▸ Dataset extract:

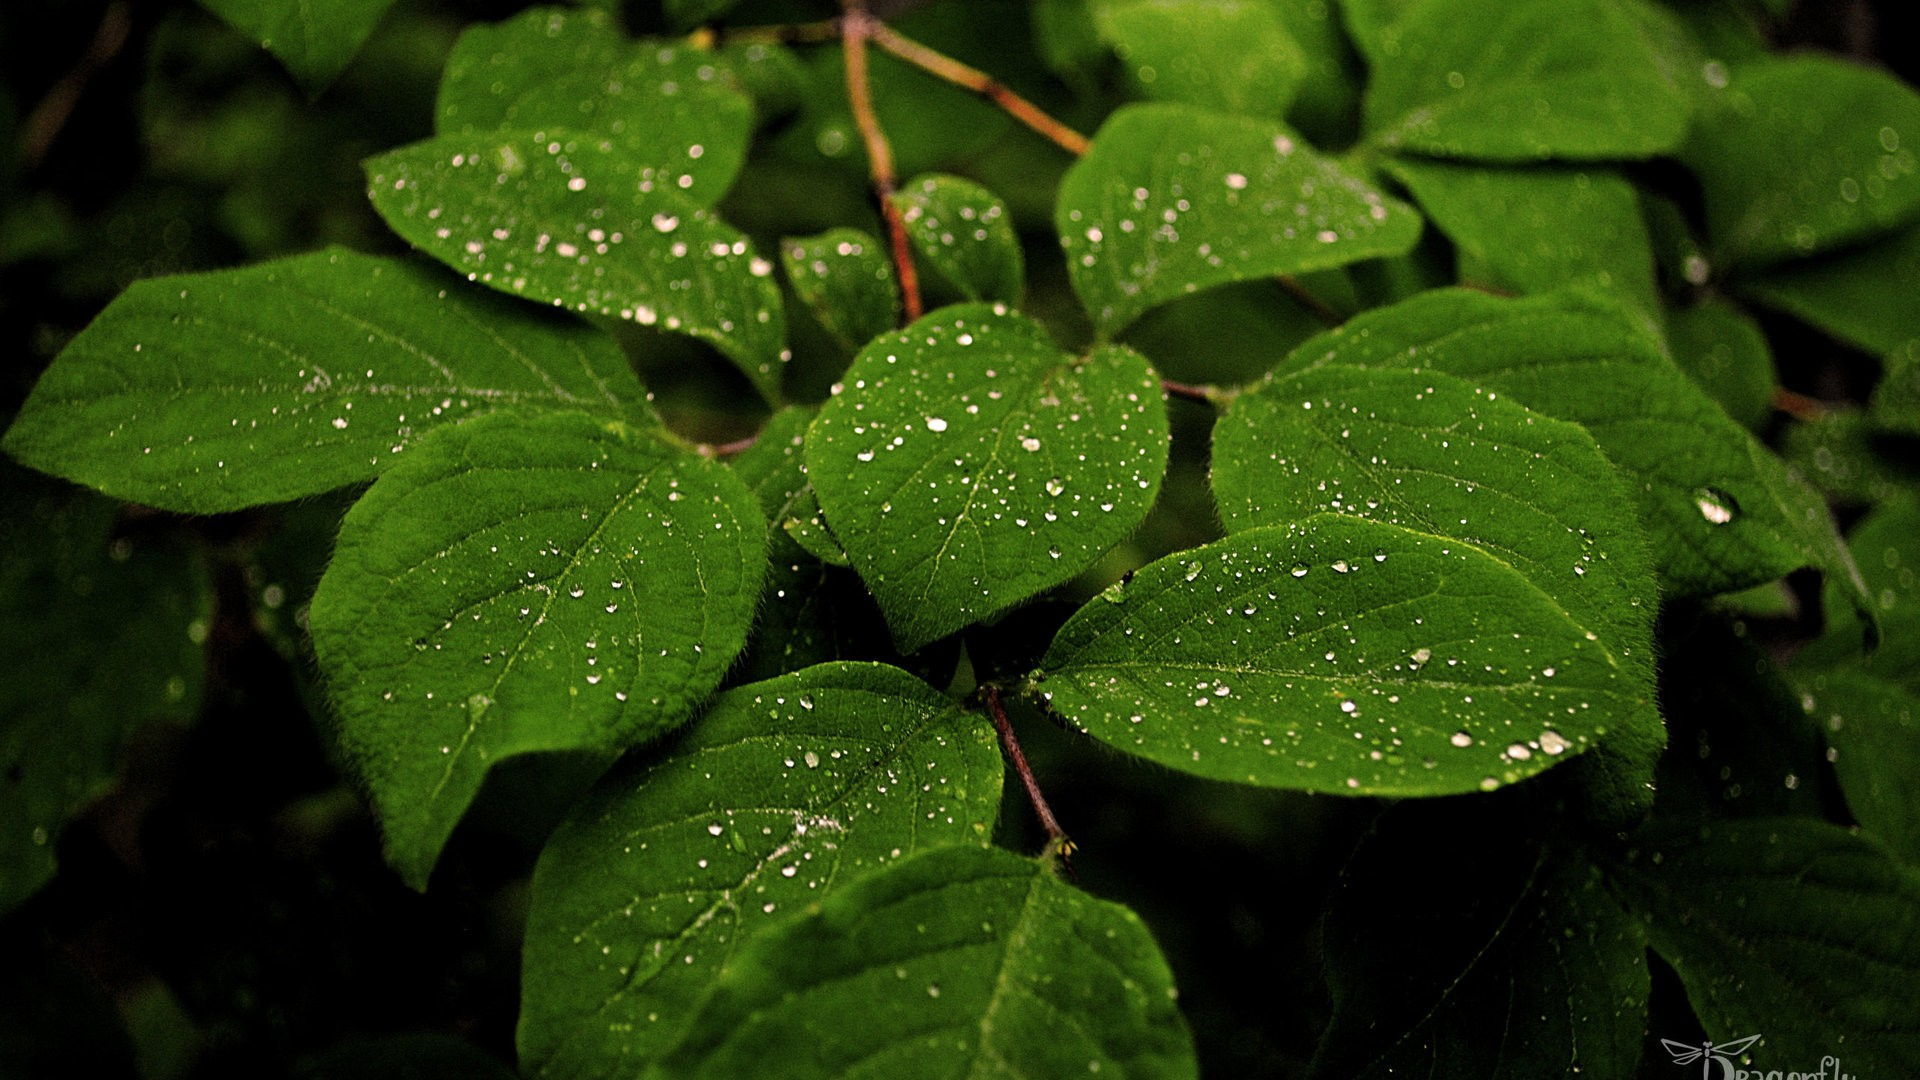 Drop Of Water Falling From A Leaf Dark Background Wallpaper صور خلفيات ايفون 6 وخلفيات ايفون 6 بلس ميكساتك
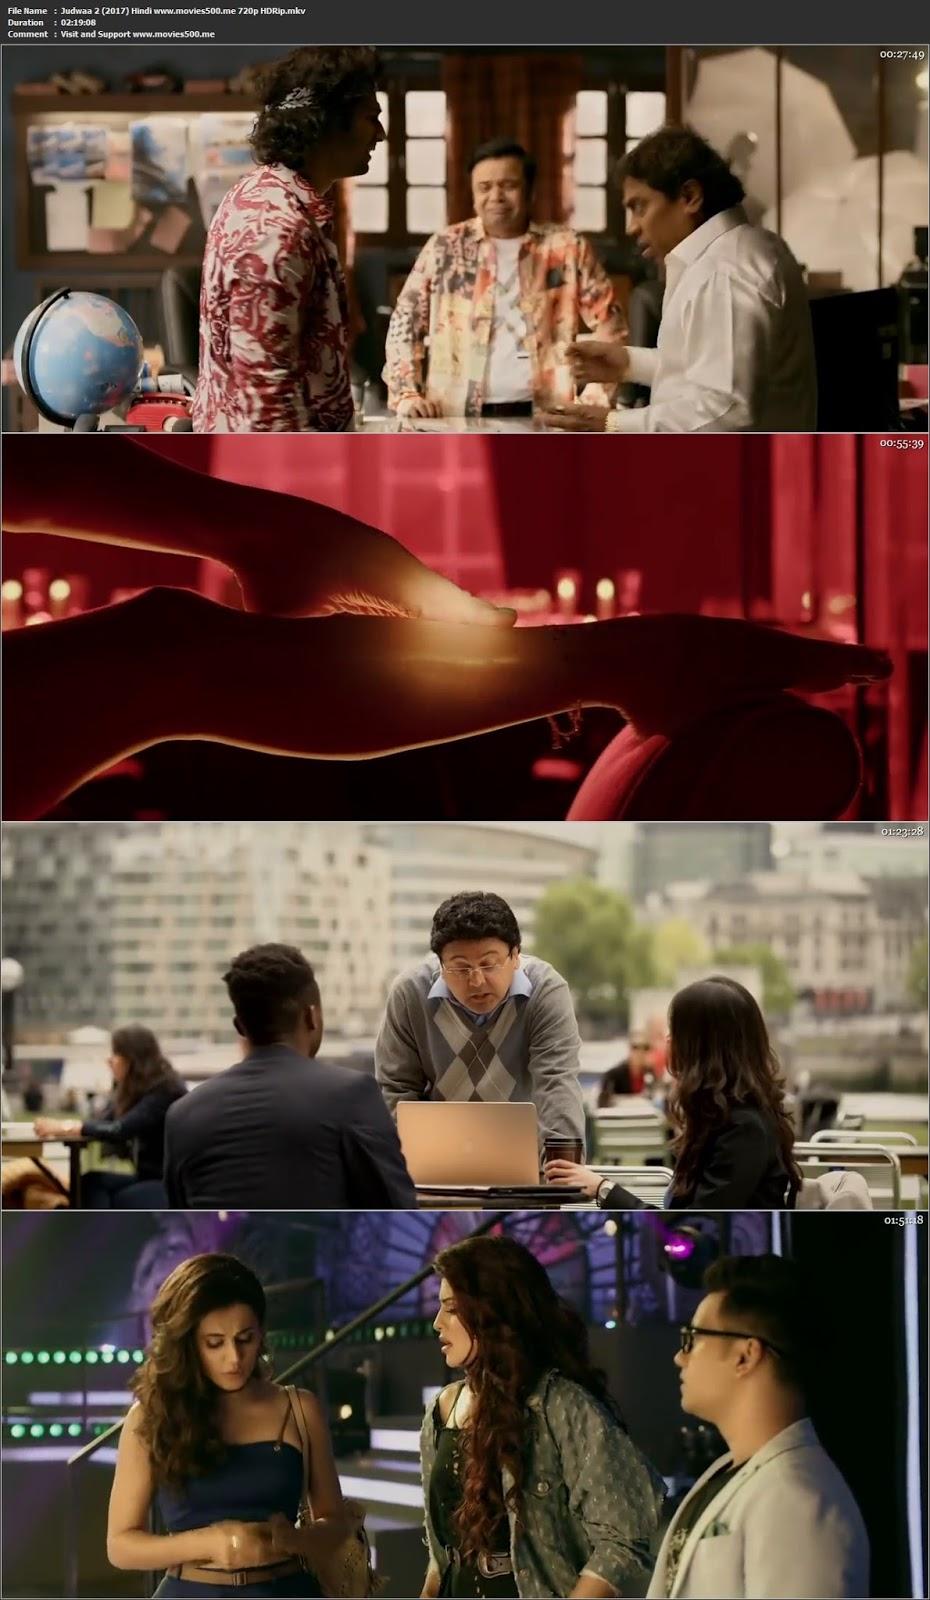 Judwaa 2 2017 Hindi Full Movie HDRip 720p 1GB at mualfa.net
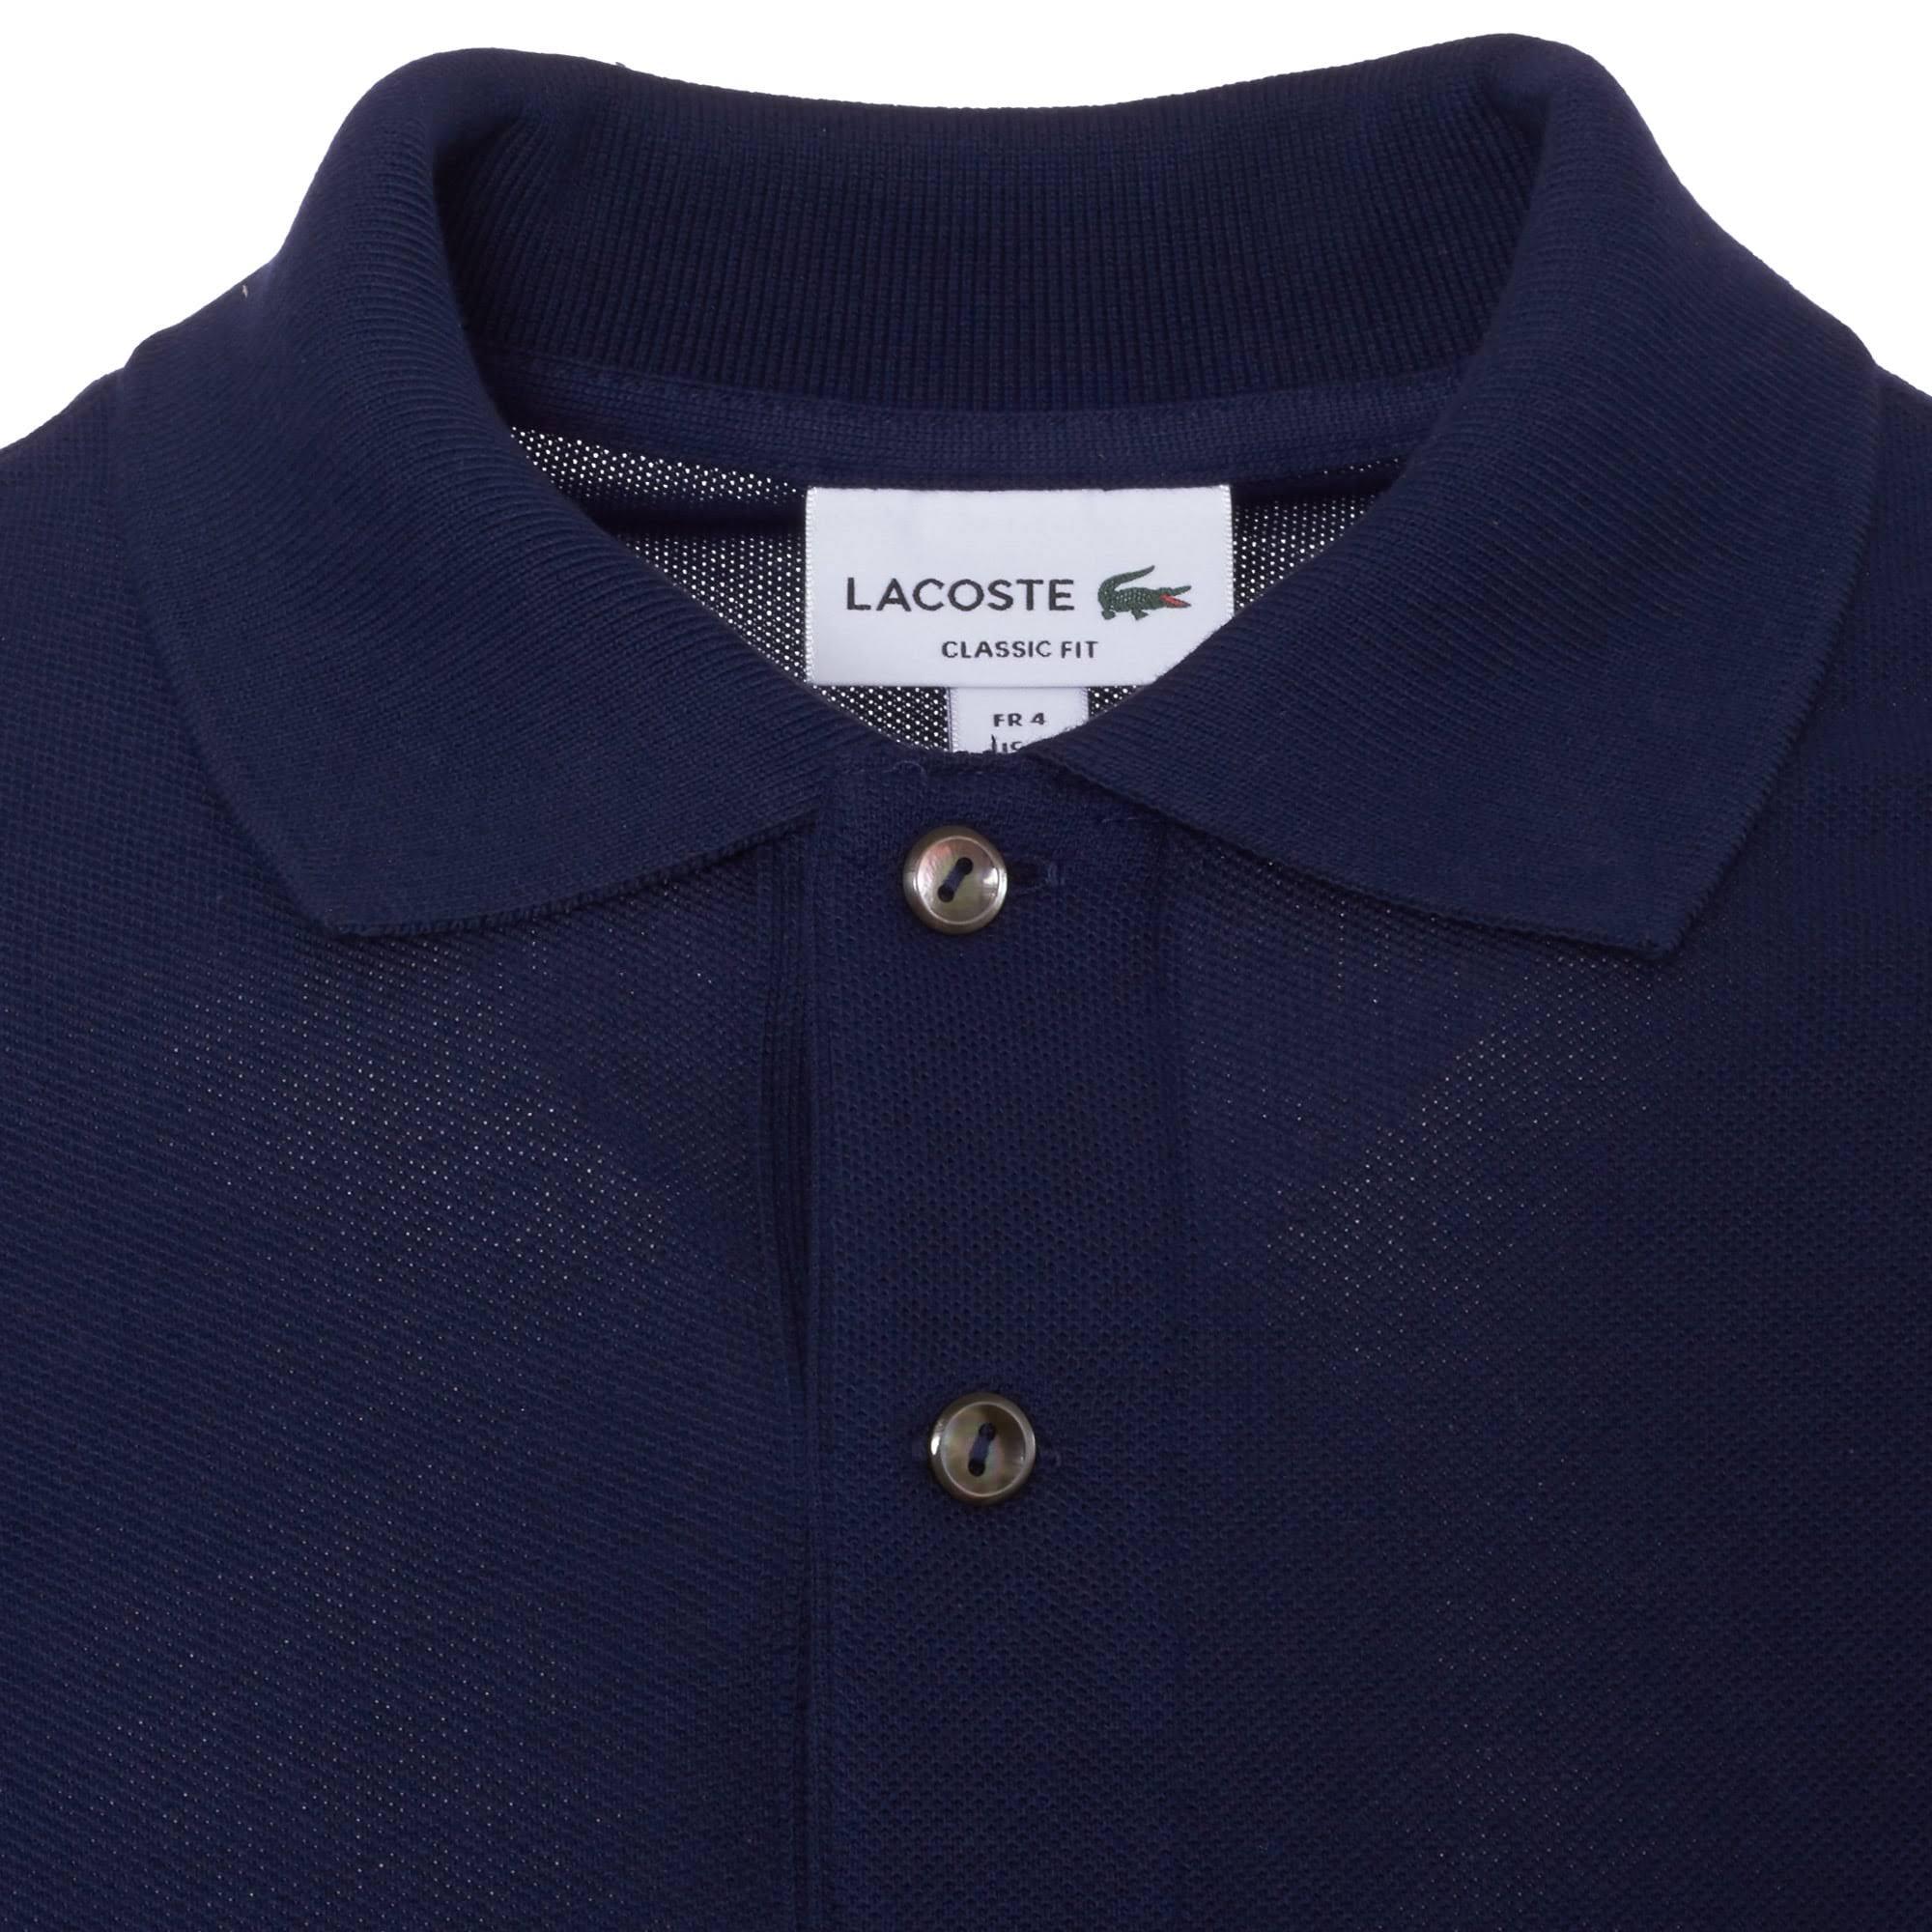 Dunkelblau Polo Lacoste Lacoste T Polo shirt fTXO7qnxSw

▸ Your assignment: Output all of the data exactly. Skip the pictures.

▸ Result of this exercise:
 Drop Of Water Falling From A Leaf Dark Background Wallpaper صور خلفيات ايفون 6 وخلفيات ايفون 6 بلس ميكساتك
 Judwaa 2 2017 Hindi Full Movie HDRip 720p 1GB at mualfa.net
 Dunkelblau Polo Lacoste Lacoste T Polo shirt fTXO7qnxSw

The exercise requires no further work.